Tenet Healthcare was involved with HCFA's PSO demonstration project through its New Orleans-based Tenet Louisiana HealthSystem, which formed Peoples Health Network along with about 800 physicians and created the Medicare product, Tenet Choices 65.

"The reason we selected New Orleans is because they were experienced in managing risk already and had done a good job working with the senior population," Burke adds.

The PSO, which was two years in the planning stage, uses a gatekeeper model in which Medicare beneficiaries are encouraged to see providers within the Peoples Health Network.

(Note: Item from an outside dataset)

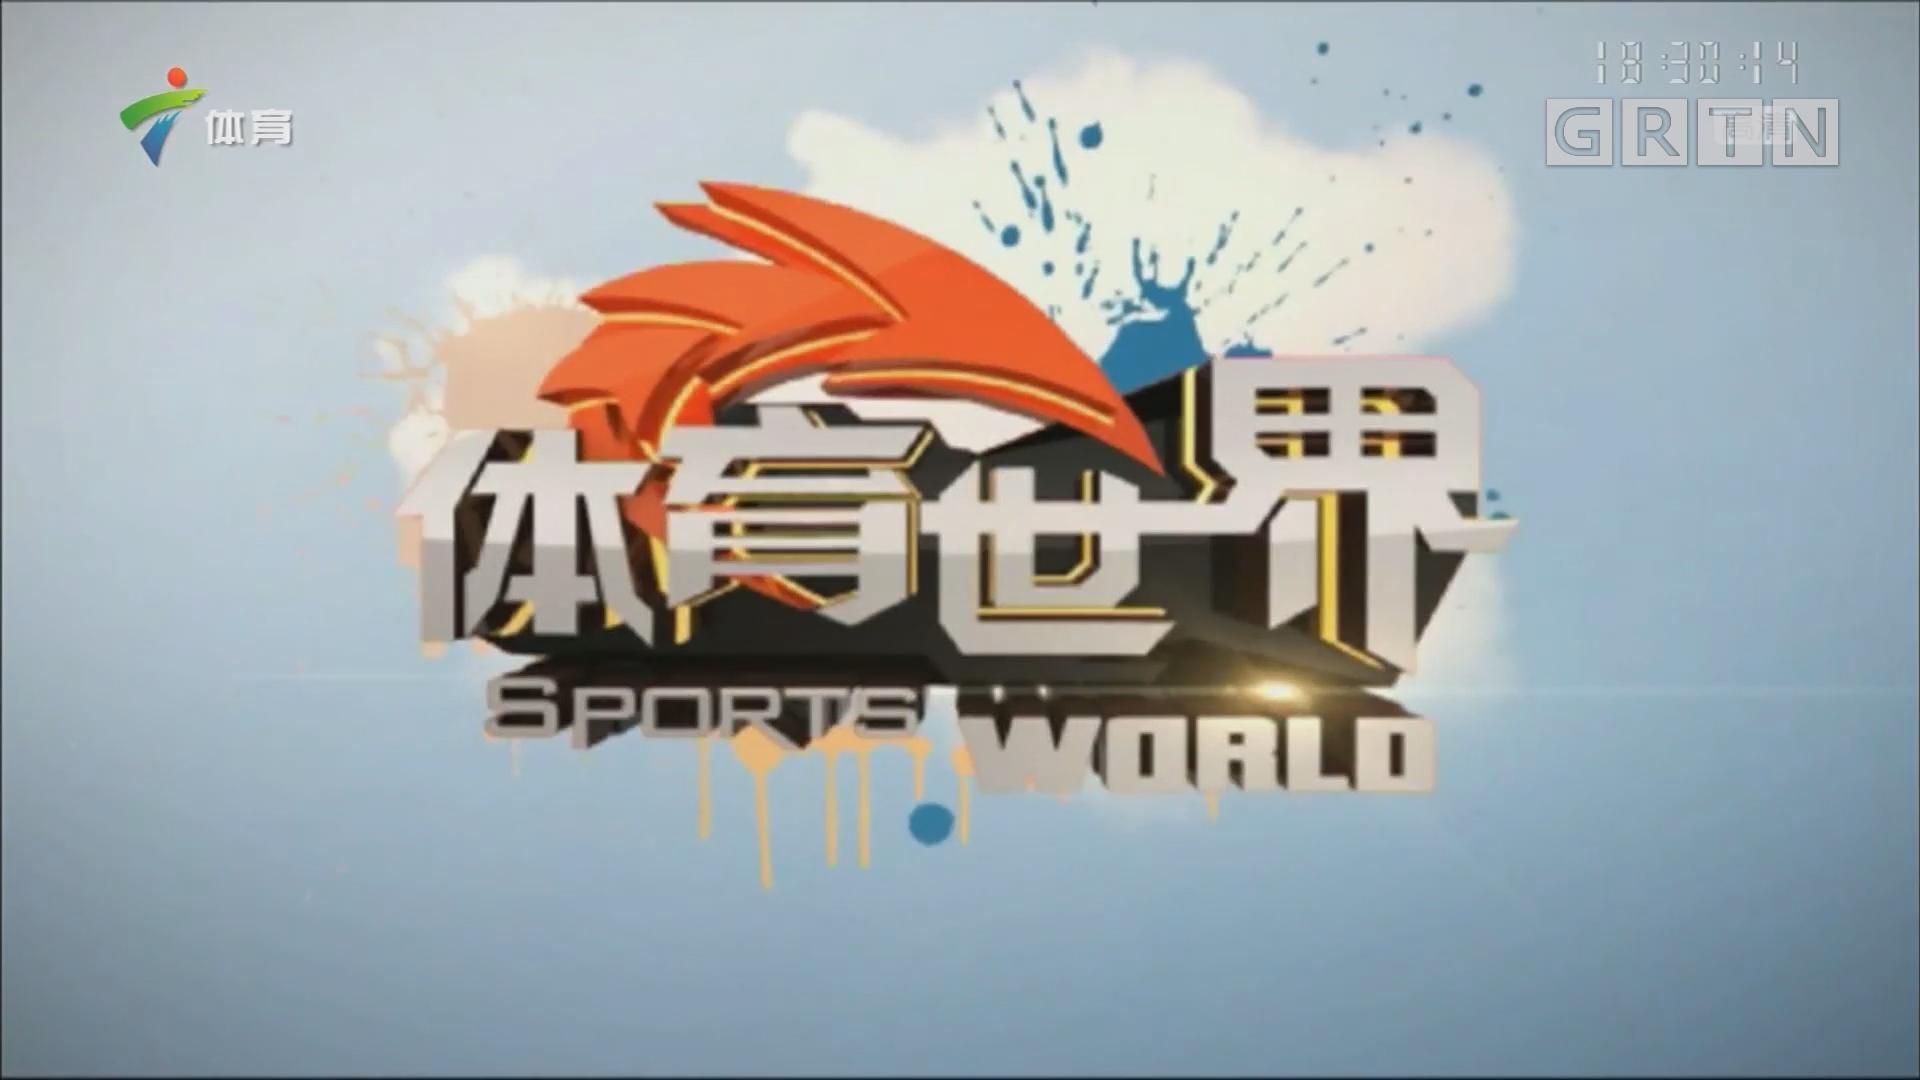 [HD][2017-12-29]体育世界:平昌冬奥会火炬传递仪式继续进行

For a copayment, they also may choose to see a broader range of providers that are part of Tenet Louisiana HealthSystem, Burke says.

· Pro: PSOs could improve clinical quality and outcomes.

PSOs will have complete control over the clinical quality of care and outcomes and may set their own care standards, Reynolds says. "They also have the opportunity to reduce the cost of care, and in doing so, they can have some money left over for themselves."

· Con: There will be marketing and competition challenges.

Marketing to seniors can be tough

Marketing Medicare insurance to seniors is difficult because unlike the commercial insurance population, they have to be approached on an individual basis.

"Enrolling them on an individual basis is very different and more expensive than enrolling employees through an employer," Dowd says. "You may be going to synagogues or churches."

Some PSOs might find that their market is not interested in the type of insurance services they are offering. "They need to make sure there will be a market for their services, and that's much more easily said than done," Reynolds says.

"The other problem is if a hospital and physicians start a PSO they are literally going into competition with HMOs in their marketplace, and the HMOs are likely to retaliate by moving contracts away from them," he adds.

PSOs will need to find creative ways to appease major insurers through product joint ventures or by marketing a product that is not competitive with the insurer's core business, Dowd suggests.